§ INFORMATION SUPPLIED:

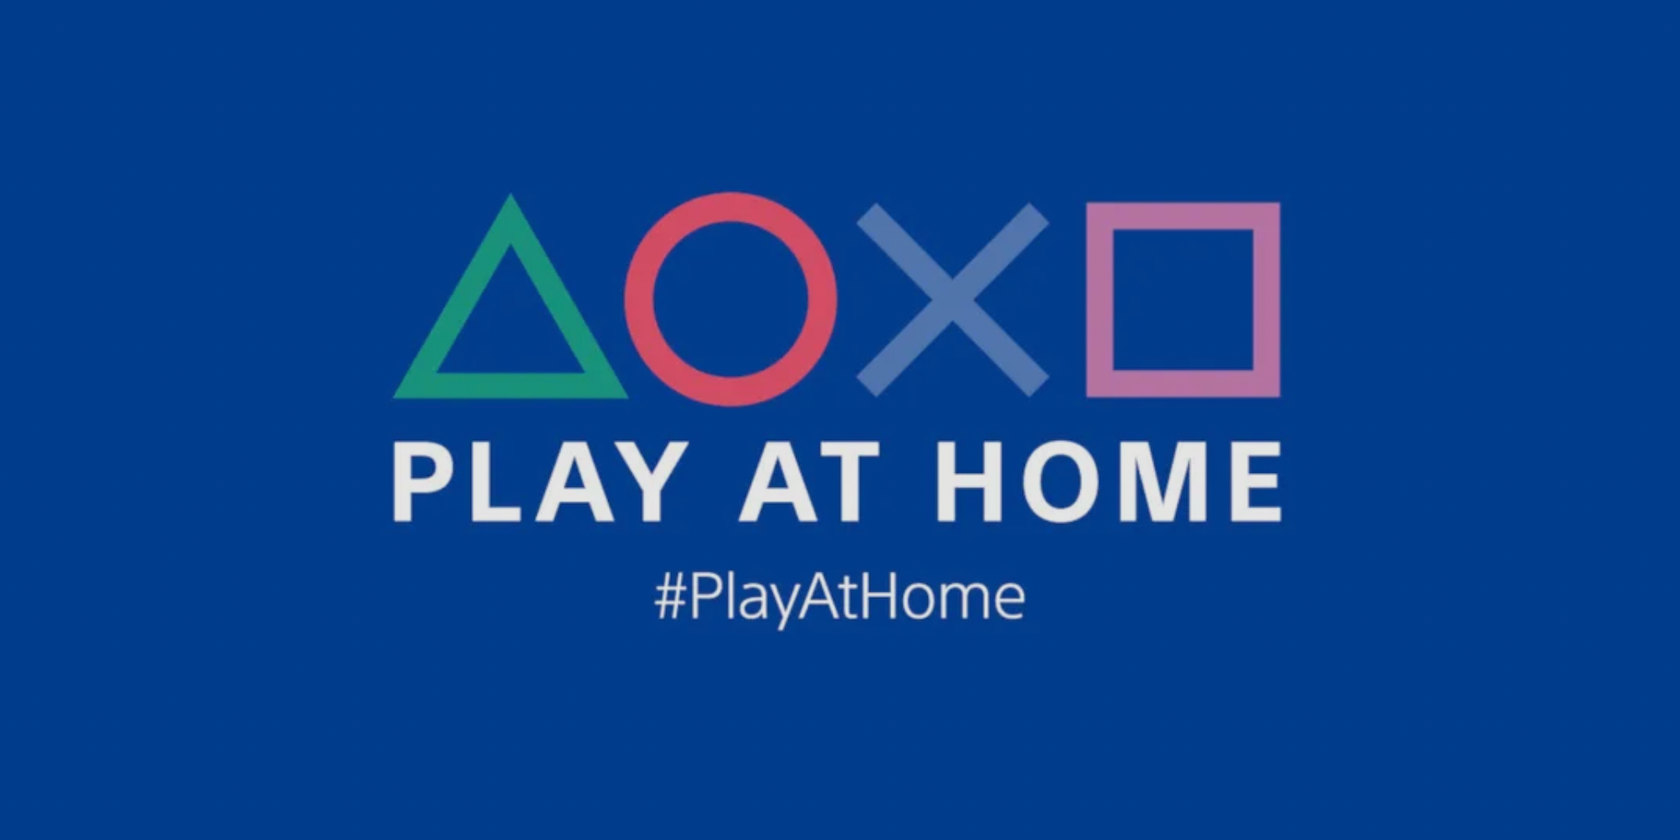 How to Get Free PS4 and PS5 Games Through Play At Home
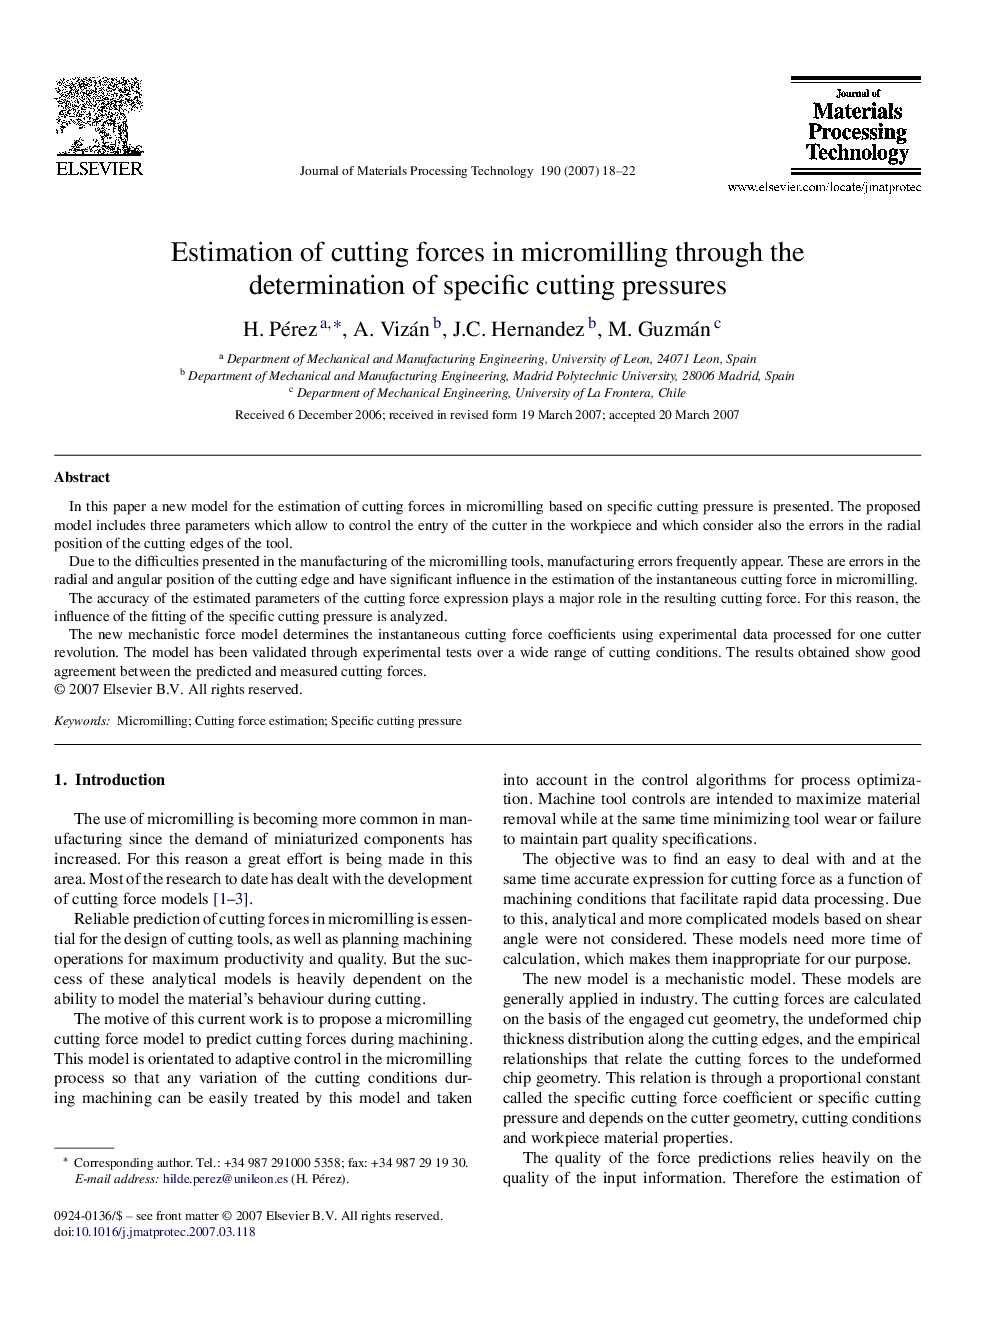 Estimation of cutting forces in micromilling through the determination of specific cutting pressures
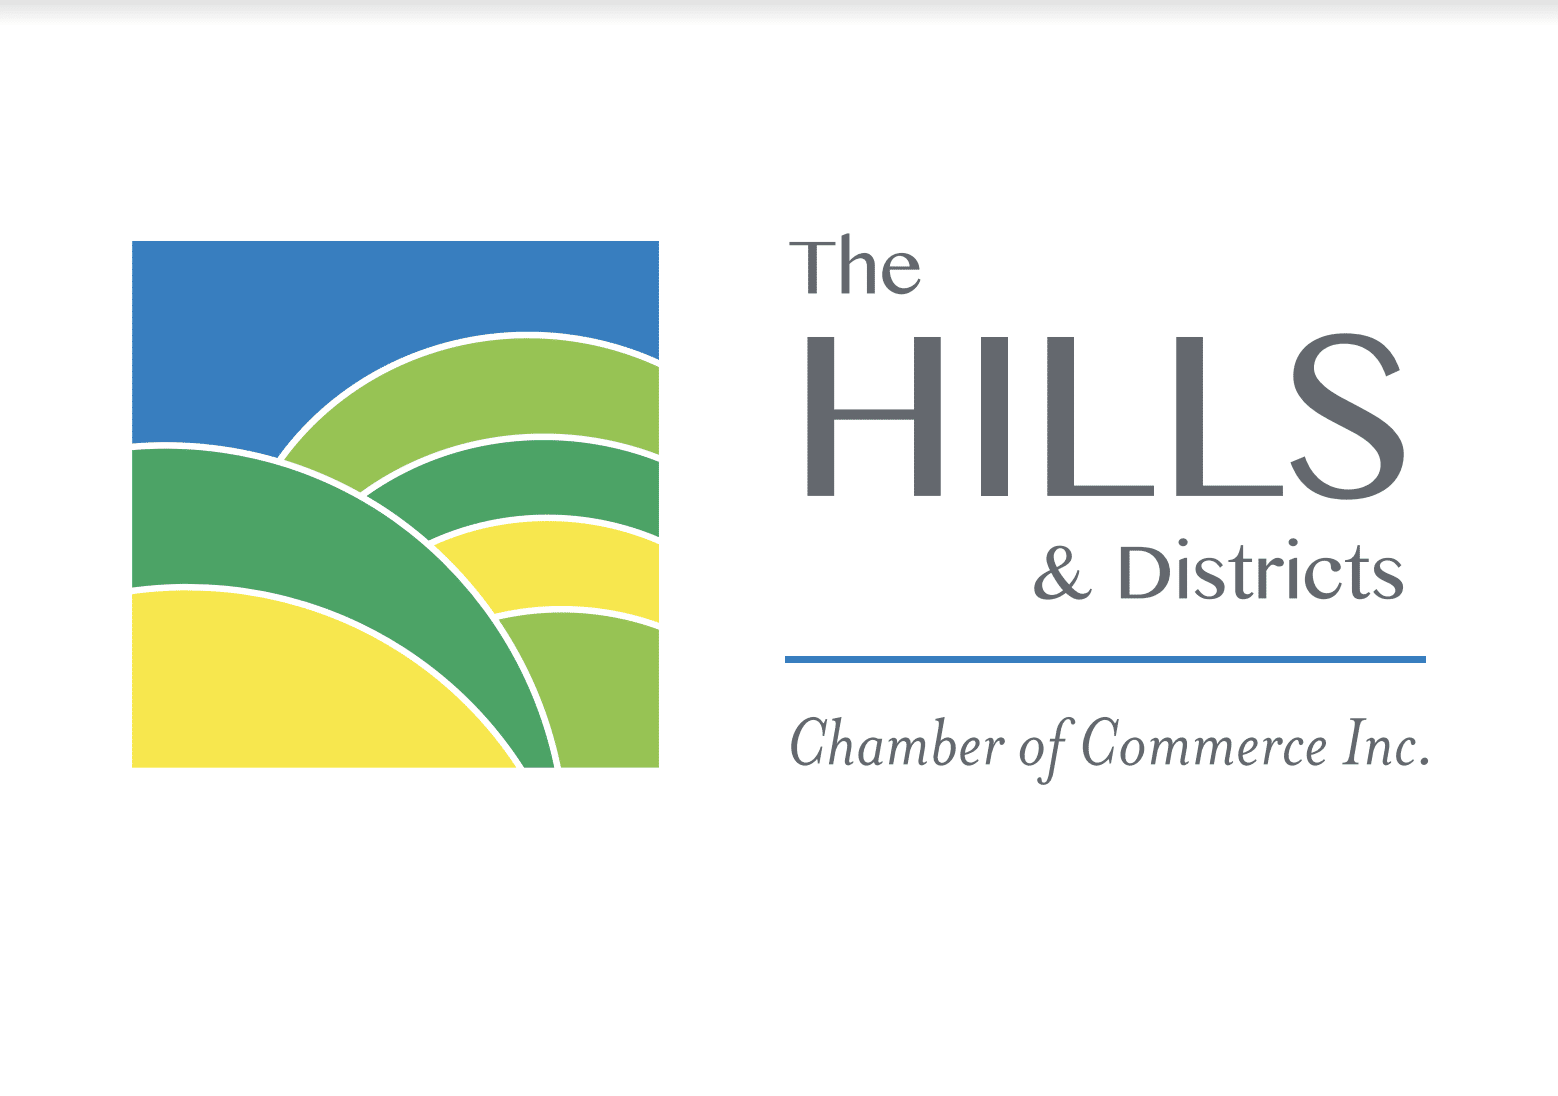 Over The Hills (and still going)  Activities Newsletter
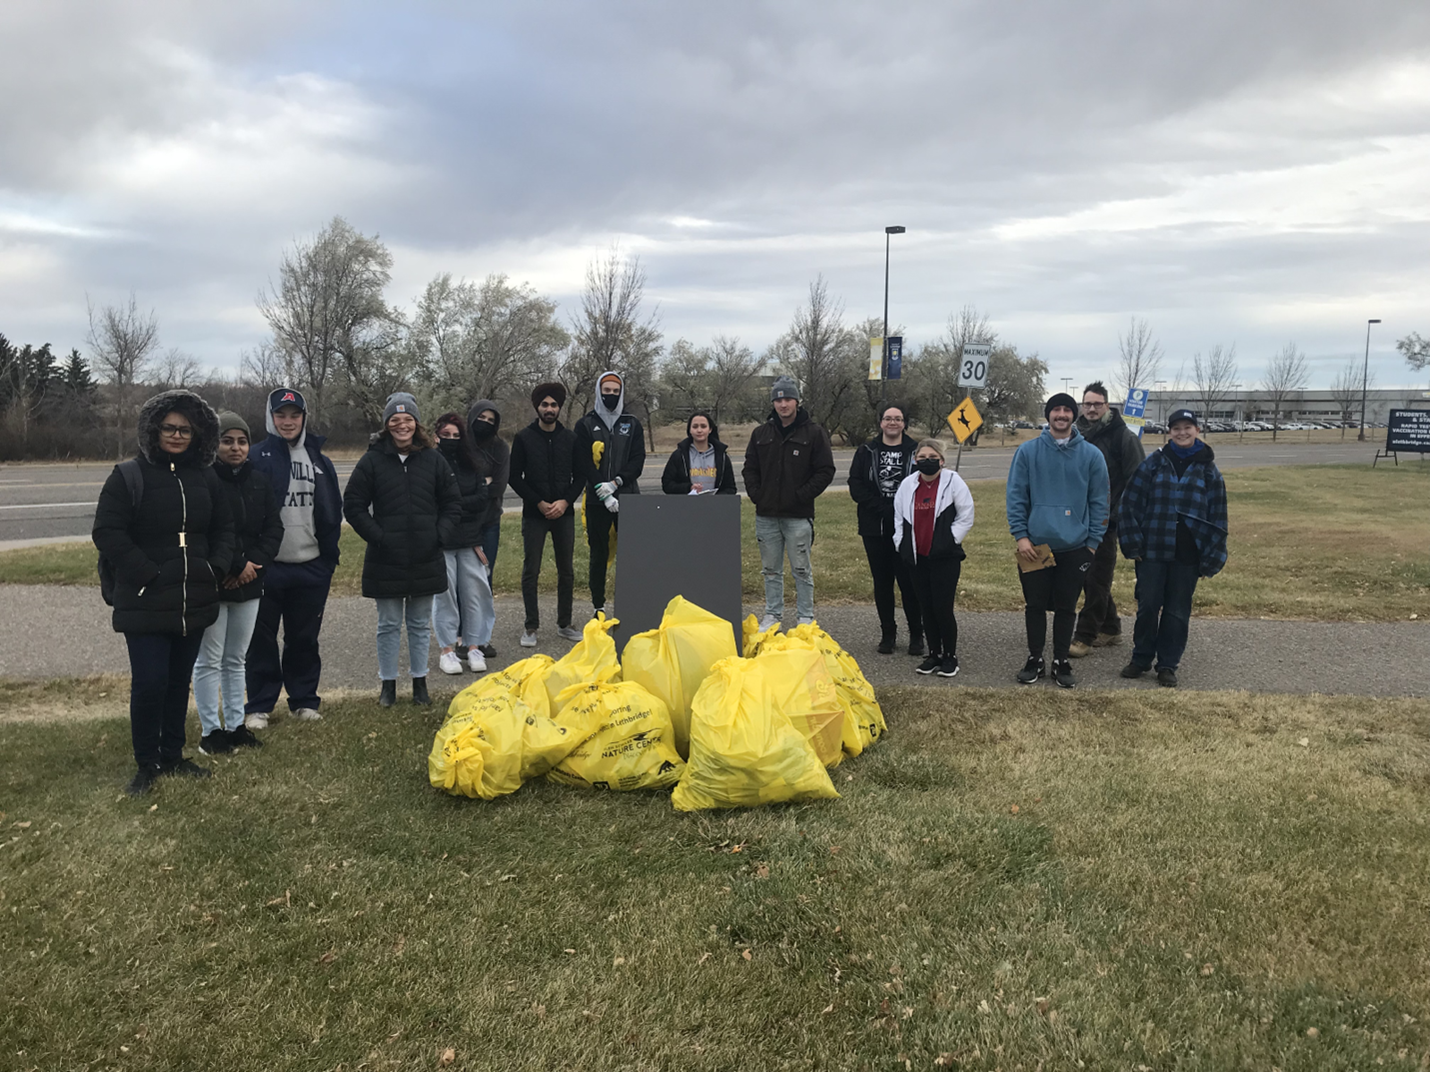 a group of people pose in front of several large yellow garbage bags

§ WHAT THIS TASK INVOLVES: Word for word, repeat only the lines from the line containing "Estimation of cutting" through the end of the data, without any pictures.

§ SOLUTION:
 Estimation of cutting forces in micromilling through the determination of specific cutting pressures
 Over The Hills (and still going)  Activities Newsletter
 a group of people pose in front of several large yellow garbage bags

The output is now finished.